Using the entries that follow, write out the line containing "(BIDDING ONLY ON", the line containing "DIY Wall Letters", and every line between them, exactly and nothing else.
*** GIVEN INFORMATION ***
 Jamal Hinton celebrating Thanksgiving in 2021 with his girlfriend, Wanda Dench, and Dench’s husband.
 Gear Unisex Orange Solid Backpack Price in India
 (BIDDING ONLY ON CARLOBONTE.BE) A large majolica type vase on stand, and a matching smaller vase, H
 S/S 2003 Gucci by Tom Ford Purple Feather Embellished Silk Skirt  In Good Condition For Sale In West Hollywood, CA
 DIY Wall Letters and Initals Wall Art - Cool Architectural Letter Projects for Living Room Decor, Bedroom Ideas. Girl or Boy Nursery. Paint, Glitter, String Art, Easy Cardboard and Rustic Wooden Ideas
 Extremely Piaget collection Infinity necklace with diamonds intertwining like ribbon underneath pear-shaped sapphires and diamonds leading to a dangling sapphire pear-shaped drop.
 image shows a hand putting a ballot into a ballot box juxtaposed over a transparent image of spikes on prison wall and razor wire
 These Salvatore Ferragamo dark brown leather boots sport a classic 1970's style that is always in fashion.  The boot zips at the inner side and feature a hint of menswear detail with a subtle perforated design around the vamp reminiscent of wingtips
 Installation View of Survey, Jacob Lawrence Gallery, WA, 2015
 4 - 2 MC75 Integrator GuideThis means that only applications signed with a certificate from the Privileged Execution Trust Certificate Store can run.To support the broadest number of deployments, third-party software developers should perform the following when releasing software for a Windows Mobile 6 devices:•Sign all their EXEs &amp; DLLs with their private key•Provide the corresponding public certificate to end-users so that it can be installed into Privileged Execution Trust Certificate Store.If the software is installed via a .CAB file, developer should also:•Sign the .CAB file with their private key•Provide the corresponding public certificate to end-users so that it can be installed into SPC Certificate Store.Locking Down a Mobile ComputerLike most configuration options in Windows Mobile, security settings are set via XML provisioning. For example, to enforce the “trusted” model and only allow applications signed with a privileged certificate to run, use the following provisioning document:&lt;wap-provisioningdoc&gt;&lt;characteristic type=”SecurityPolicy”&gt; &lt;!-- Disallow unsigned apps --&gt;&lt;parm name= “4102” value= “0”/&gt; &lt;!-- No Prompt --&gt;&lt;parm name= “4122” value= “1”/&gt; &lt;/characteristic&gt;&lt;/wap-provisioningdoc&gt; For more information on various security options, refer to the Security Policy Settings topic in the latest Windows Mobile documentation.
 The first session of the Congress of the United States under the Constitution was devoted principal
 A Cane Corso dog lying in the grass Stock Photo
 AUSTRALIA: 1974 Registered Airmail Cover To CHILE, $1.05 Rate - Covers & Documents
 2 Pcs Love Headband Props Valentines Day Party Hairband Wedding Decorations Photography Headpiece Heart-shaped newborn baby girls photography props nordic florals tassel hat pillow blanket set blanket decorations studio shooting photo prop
*** End of GIVEN INFORMATION ***
• WRITTEN SOLUTION:
 (BIDDING ONLY ON CARLOBONTE.BE) A large majolica type vase on stand, and a matching smaller vase, H
 S/S 2003 Gucci by Tom Ford Purple Feather Embellished Silk Skirt  In Good Condition For Sale In West Hollywood, CA
 DIY Wall Letters and Initals Wall Art - Cool Architectural Letter Projects for Living Room Decor, Bedroom Ideas. Girl or Boy Nursery. Paint, Glitter, String Art, Easy Cardboard and Rustic Wooden Ideas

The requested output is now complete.